In other words, he doesn’t want a surtax on the uber-wealthy to pay form national health care. And Rep. McMahon is joined by a quite a few other newly-minted Democratic representatives who are serving in affluent suburbs. The Democrats won these districts largely because of the Southern cultural swing of the Republicans during the latter half of the Gingrich Revolution. Tom DeLay and Bill Frist didn’t sell in Greenwich, Connecticut or Northern Virginia, but those are the two richest areas of the country.
Rep. McMahon is right that money doesn’t go as far on Staten Island as it does in most of the rest of the country, but that doesn’t alleviate him from his duty as a Democrat to help the president pass his health care agenda in a fiscally responsible way. That means the bill must be paid for. Who does McMahon think is going to pay for it if not the super-wealthy?
First of all, I’m not going to cry about raising taxes on couples making over 350k / year. But I think the overall point is a valid one, and it raises an interesting question : with the ease of access to copious amounts of data that we have and the sheer speed of computation, why are we still writing legislation assuming we don’t know anything and can’t figure anything out?
By that I mean why use set income levels for calculating tax rates when we could instead use income as a percent of average cost of living for your area? If you make 500% of the average cost of living for your area, maybe you pay 1% surtax for health care…600%, you pay 1.2%, etc, etc.
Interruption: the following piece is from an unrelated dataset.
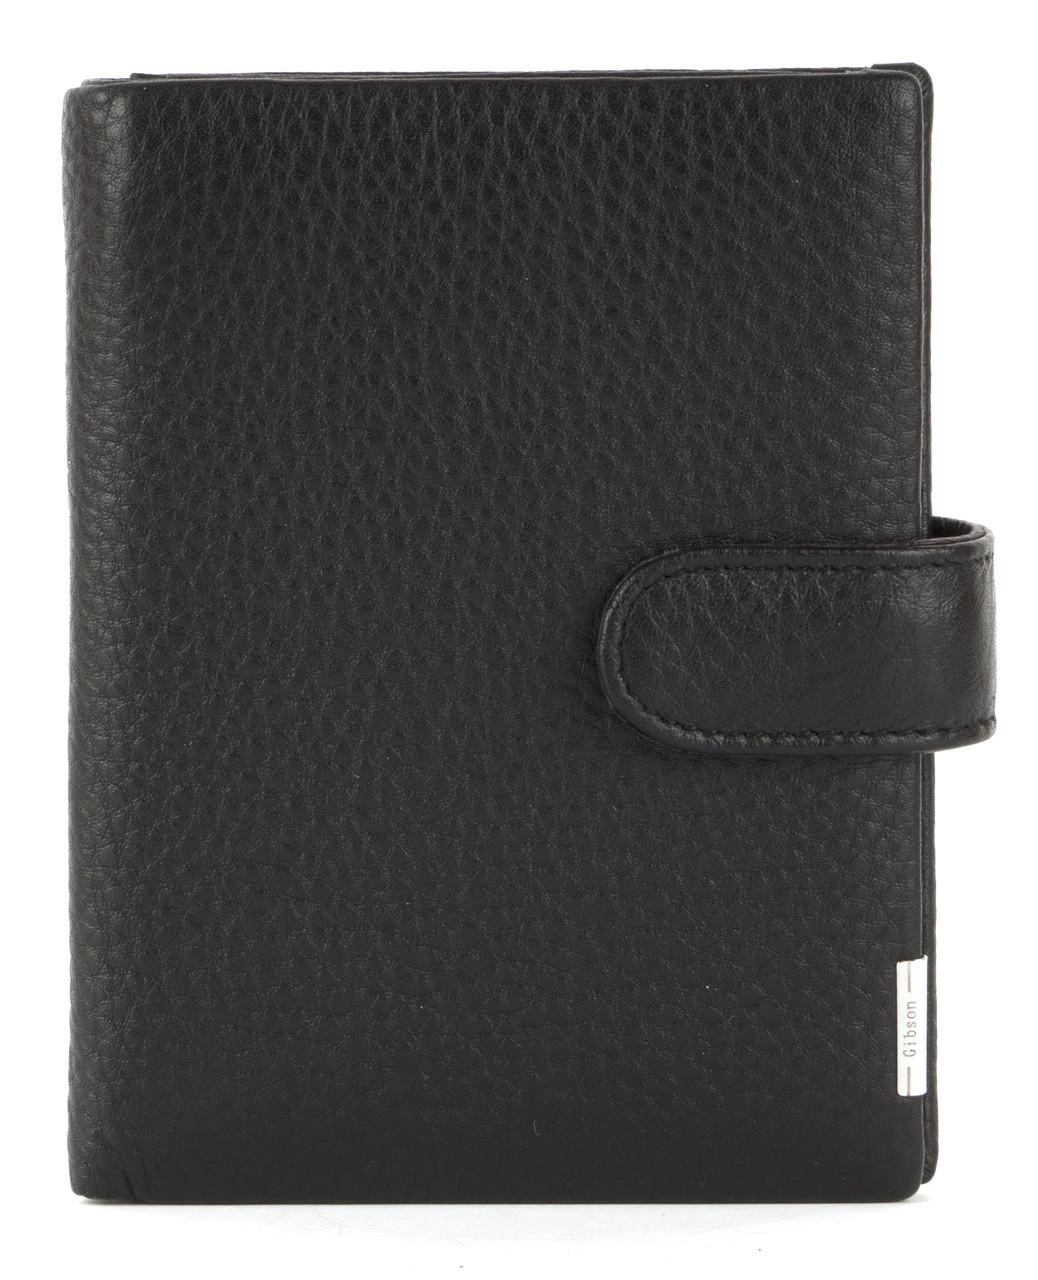 Кожаный мужской прочный кошелек GIBSON art. M302B-ZS033-N-1 черный

Maybe the reason we don’t do things that way is that it just sounds more complicated to the average joe and our tax code is already nightmarish enough. But it drives me nuts that we have all this information and haven’t seemed to figure out how to use it yet.
good point in the abstract, but imagine the infighting that would cause in Congress. It’s bad enough that states sabotage each other in a race to be the most tax and corporate friendly. If you take it to definable population centers, you’ve really got problems.
Taxes are taxes no matter where they come from. I do not want a road out here to keep up, no do I want a family oput here that I do not know to pay for their insurance. I will pay my taxes to keep the roads and insurances of all ppl’s and roads as the government sees fit. I have worked many many years in the force and I feel my taxes are just. they do keep, however, going up almost every years, depending on how much I make that particular year. This why I am now in a position of not working any overtime like I use to do. The old saying the more you make, the more they take. Besides, I am getting too old to do much more work than I am already doing…;o)
Good to see you Ew
how rural is your part of Tennessee?